KEVIN: SIE KÖNNEN SO SCHARFE UND PRÄZISE PÄSSE SCHLAGEN. WIE KANN MAN DAS LERNEN?
Du musst den Pass nicht irgendwie spielen, sondern genau überlegen, was du machst. Du musst abschätzen, wie viel Kraft du in den Pass legen willst, wo genau er hinkommen soll. Das fängt schon im Training an, bei jeder Passübung, und sei sie noch so einfach. Versuch, den bestmöglichen Pass zu spielen. Flach, präzise, ohne dass der Ball holpert!

MARKUS: WIE WAREN SIE IN DER SCHULE?
Also Zusatzaufgaben habe ich nie gelöst … und Mathe lag mir auch weniger. Dafür hatte ich gern Deutsch. Und im Sport war ich auch einer der Besseren!

ALEX: HATTEN SIE AUCH NOTENDRUCK?
Ja, so wie jeder andere auch. Ich hatte das Glück, dass ich in der Feusi Schule das Sportgymnasium machen durfte. Da hatte ich nur halbtags Schule und die übrige Zeit konnte ich trainieren.
Wenn es mal vom Schulstoff her nicht ging und wir zwei oder drei Tests am gleichen Tag hatten, habe ich es dem Trainer auch gesagt und mal das Training ausfallen lassen. So ehrlich muss man sein und die Schule nie vernachlässigen.

FINN: SIE WAREN IN UNSEREM ALTER ZIEMLICH KLEIN. WAR DAS EIN NACHTEIL?
Ja, denn ich war damals wirklich klein und schmal. Zum Ausgleich entwickelt man dann andere Fähigkeiten: technisch noch besser zu werden oder auf den ersten Metern schneller zu sein als andere. So muss man vielleicht gar nicht in den Zweikampf gehen.

MATTIA: HATTEN SIE ALS YB-JUNIOR AUCH SCHWIERIGE ZEITEN?
Die gab es sicher. Anfänglich spielte ich meist bei den Grösseren, doch später hat man mich in eine Mannschaft mit Jüngeren zurückversetzt. Das war ein schwieriger Moment. Aber mein Vater, der auch viel von Fussball versteht, hat mir geholfen, das zu akzeptieren, und das war gut so. Du musst einfach immer an dich glauben!

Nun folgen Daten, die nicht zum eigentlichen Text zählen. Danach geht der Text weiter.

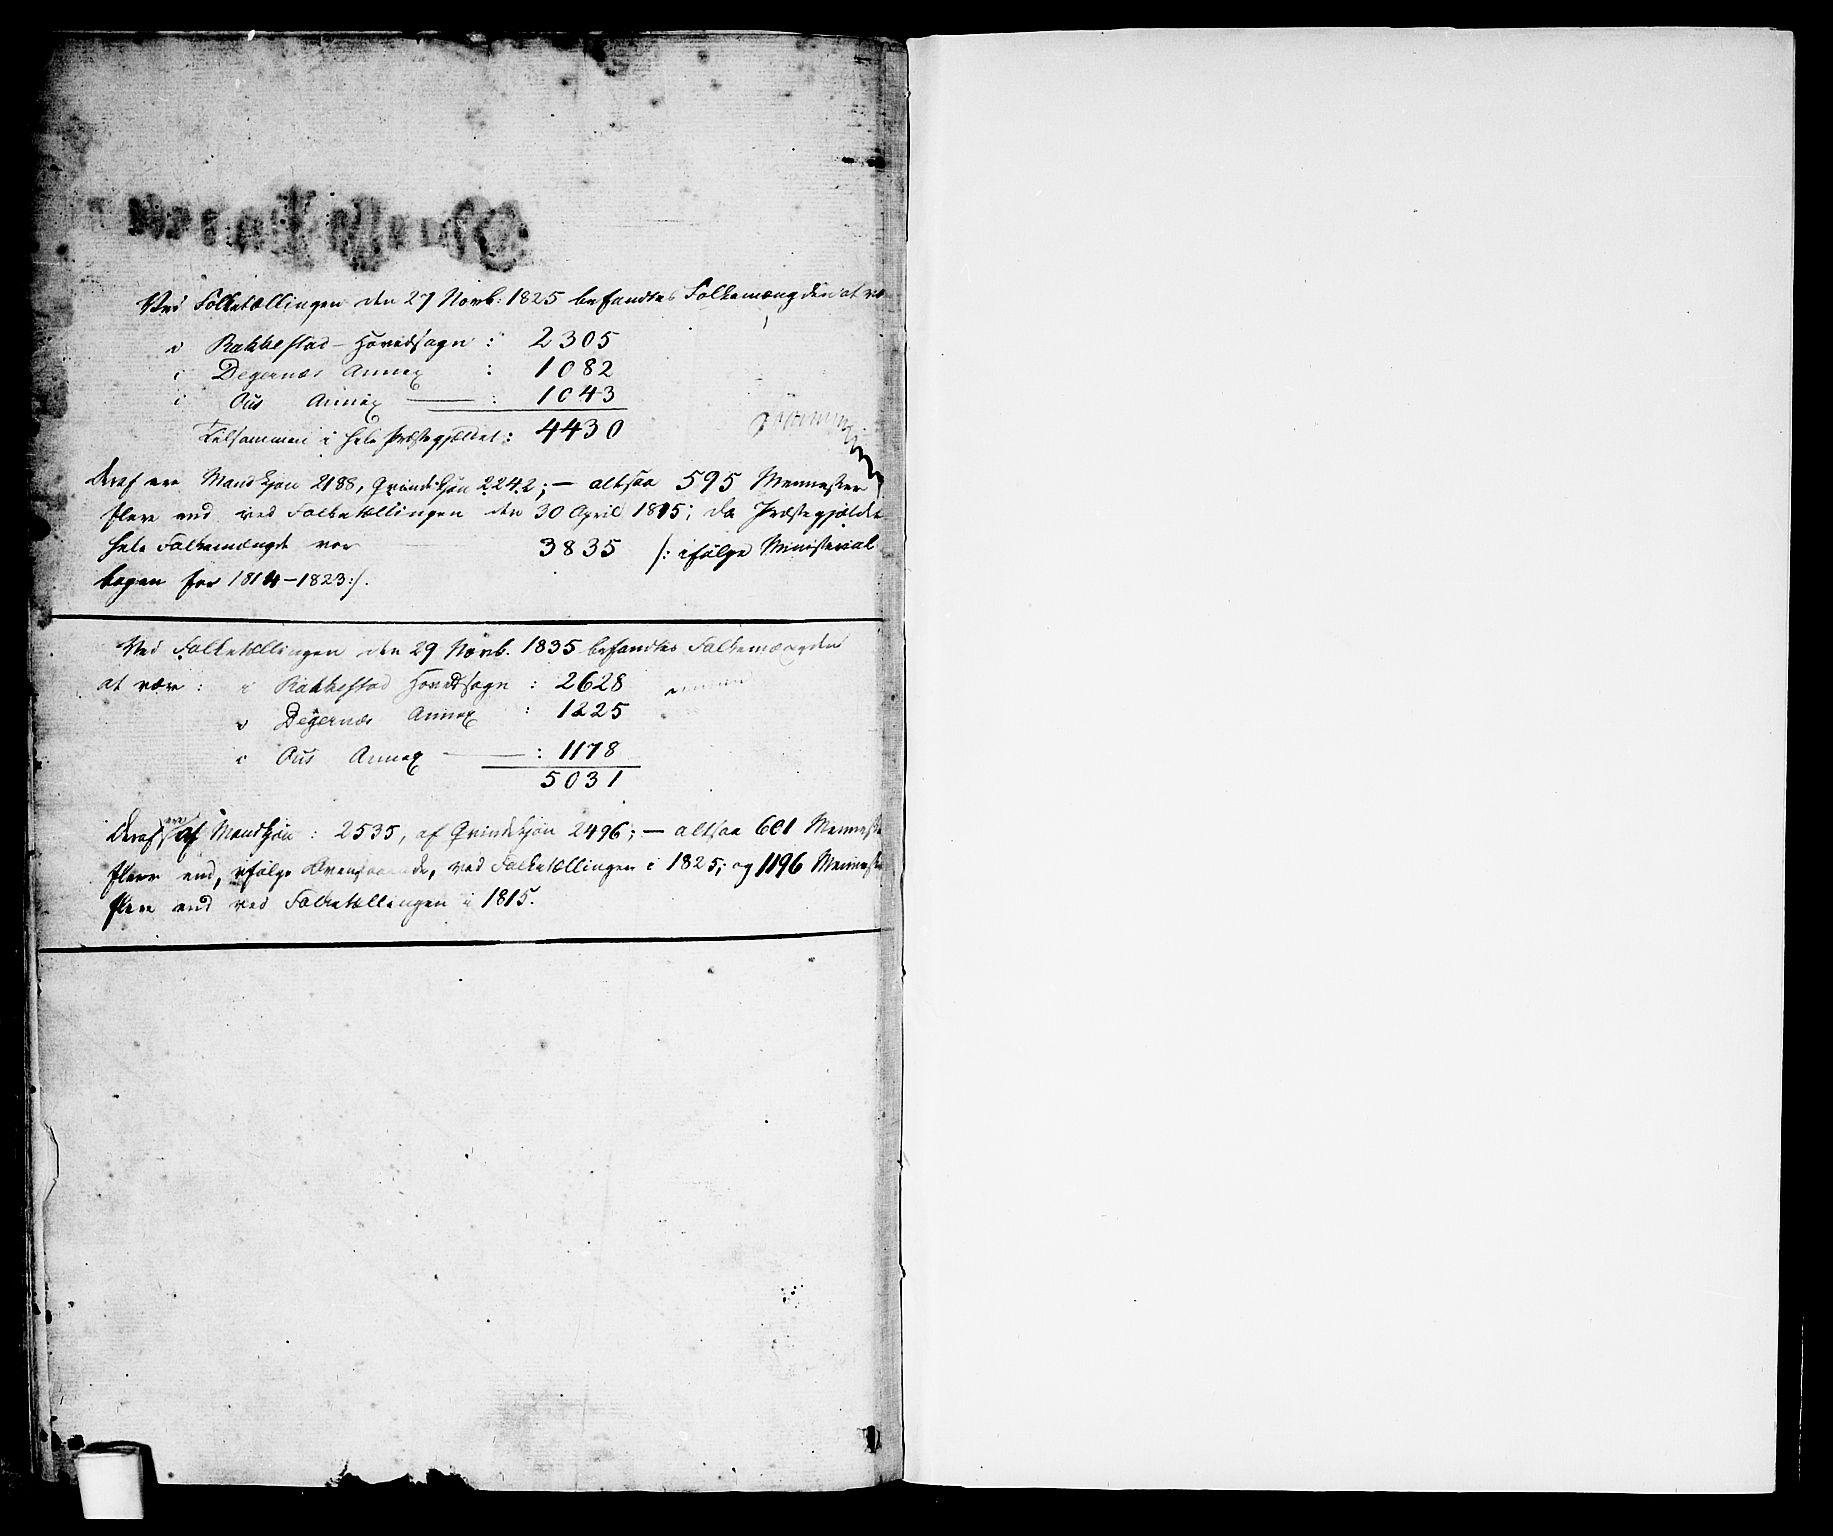 SAO, Rakkestad prestekontor Kirkebøker, F/Fa/L0007: Parish register (official) no. I 7, 1825-1841

VINZENT: IN DER U21 SIND SIE DANN RAUSGEFLOGEN. DAS WAR SICHER HART.
Rausgeflogen bin ich eigentlich nicht. Aber ich habe nur wenig gespielt. Und der Trainer sagte mir nach der Vorrunde, dass es im Frühling auch nicht viel anders sein würde. Dann habe ich von der YB U21 zu Thun U21 gewechselt. Die spielten eine Liga tiefer. Aber das war gut für mich. So konnte ich mich wieder auffangen und hatte wieder das Gefühl, dass es mich wirklich braucht. Und dann hat mich YB wieder zurückgeholt… eine Geschichte mit Happy End also.

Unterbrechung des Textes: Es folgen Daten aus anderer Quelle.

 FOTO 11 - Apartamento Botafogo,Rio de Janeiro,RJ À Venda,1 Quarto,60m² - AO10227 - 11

THEO: WIE WURDEN SIE DA AUFGENOMMEN?
Ich hatte das Glück, dass ich schon fünf oder sechs Spieler kannte und ich in eine Mannschaft kam, der es nach dem Meistertitel super lief. Im Trainingslager, wenn man sieben bis acht Stunden zusammen ist, lernt man die andern schnell kennen. Und ich spürte: Jeder ist ein super Typ und wir können auch gut zusammen reden.

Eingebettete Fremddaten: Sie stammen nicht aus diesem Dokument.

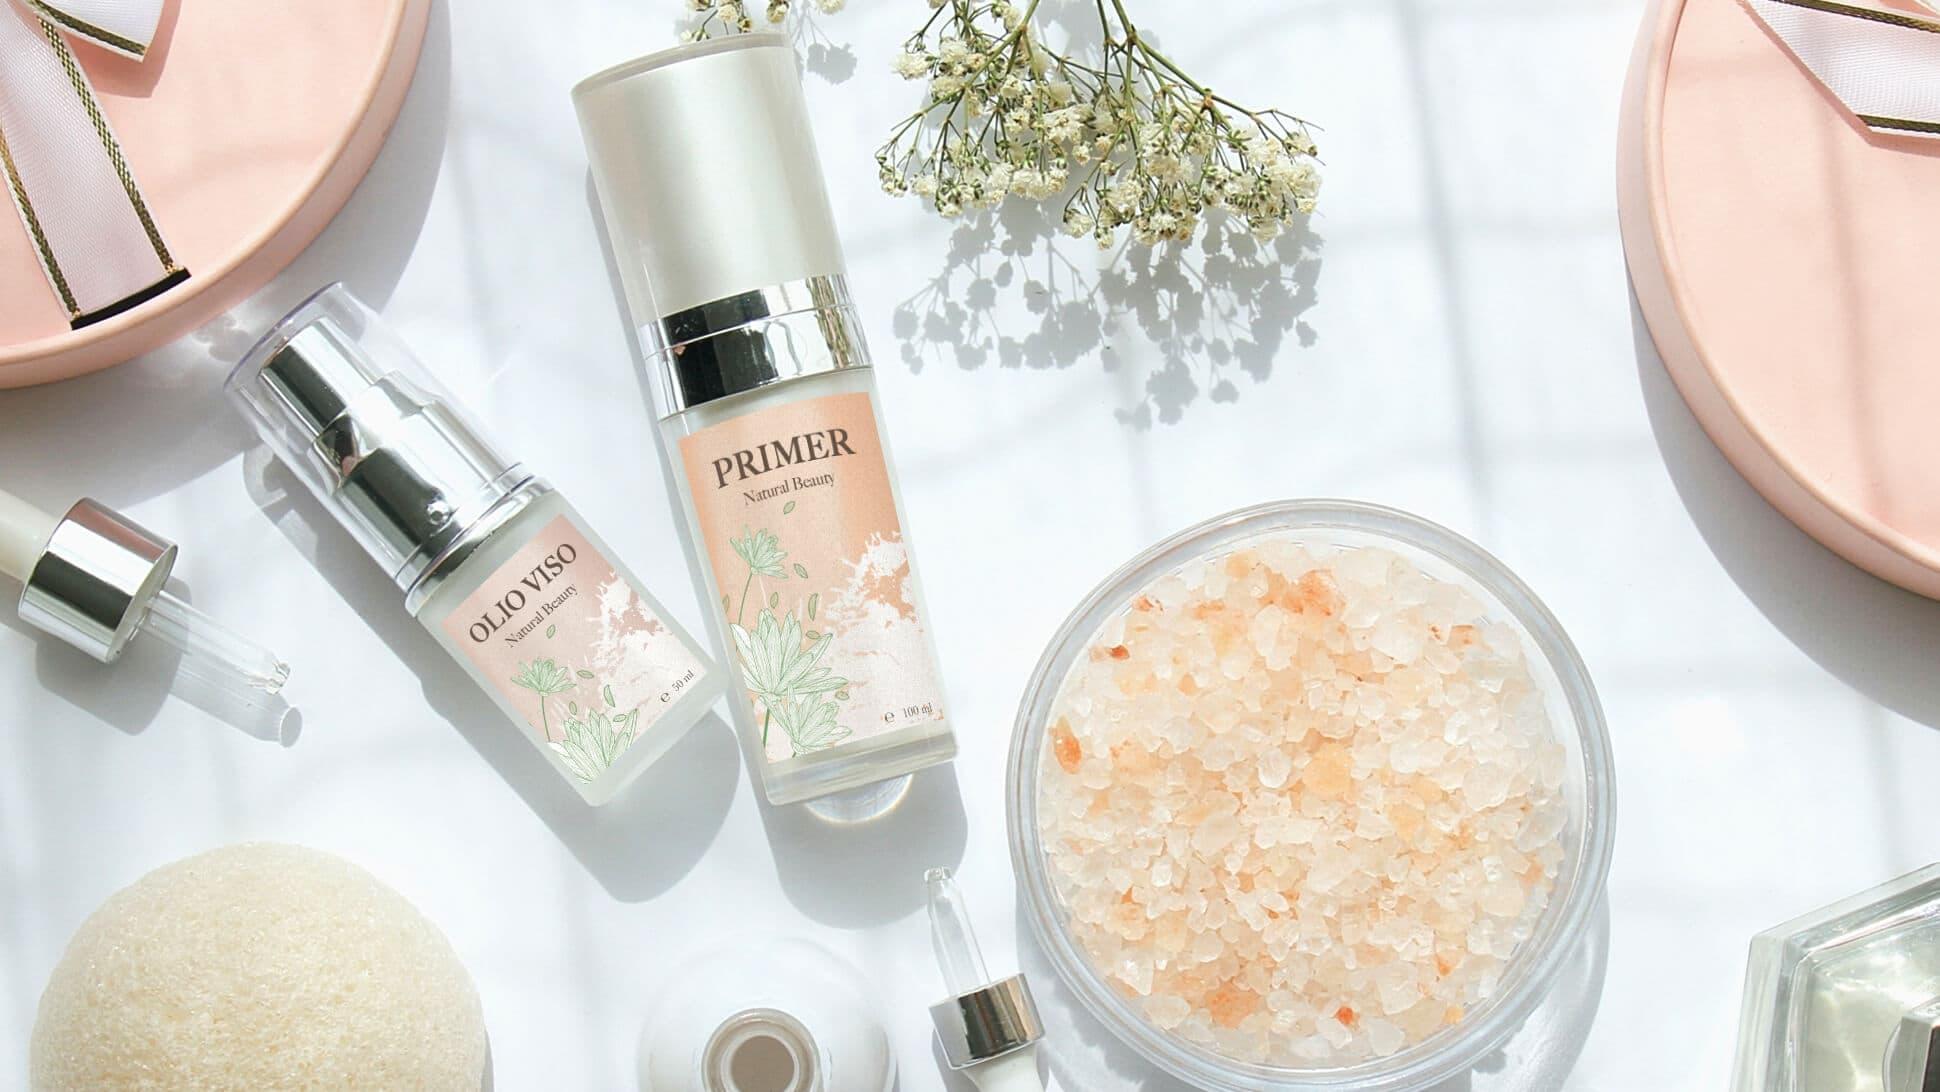 Etichette effetto perla per prodotti cosmetici   tictac.it

MATTIA: WIE WAR ES IN DER CHAMPIONS LEAGUE, ALS SIE CRISTIANO RONALDO SO GUT IM
GRIFF HATTEN?
Das war unglaublich, auch dass wir den Match noch gewonnen haben! Ich habe erst hinterher realisiert, wie cool es gewesen ist, und was wir eben geschafft hatten. Wir waren alle sehr stolz. Dieser Abend war der Lohn für all die tausenden von Trainingsstunden, die wir dafür gearbeitet haben.

PORTRAIT SANDRO LAUPER

Seine Karriere war kein problemloser Durchmarsch. Die Trainer erkannten zwar schon früh sein grosses Potential und förderten ihn entsprechend. Doch als er mit 18 Jahren in die U21 wechseln musste, zeigten sich auch die körperlichen Defizite: er war zu klein und zu schmal. So machte er in Absprache mit den Verantwortlichen von YB einen Schritt zurück, lancierte seine Karriere beim FC Thun erneut und schoss in der Super League auch bald sein erstes Tor. Leider war es ein Eigentor…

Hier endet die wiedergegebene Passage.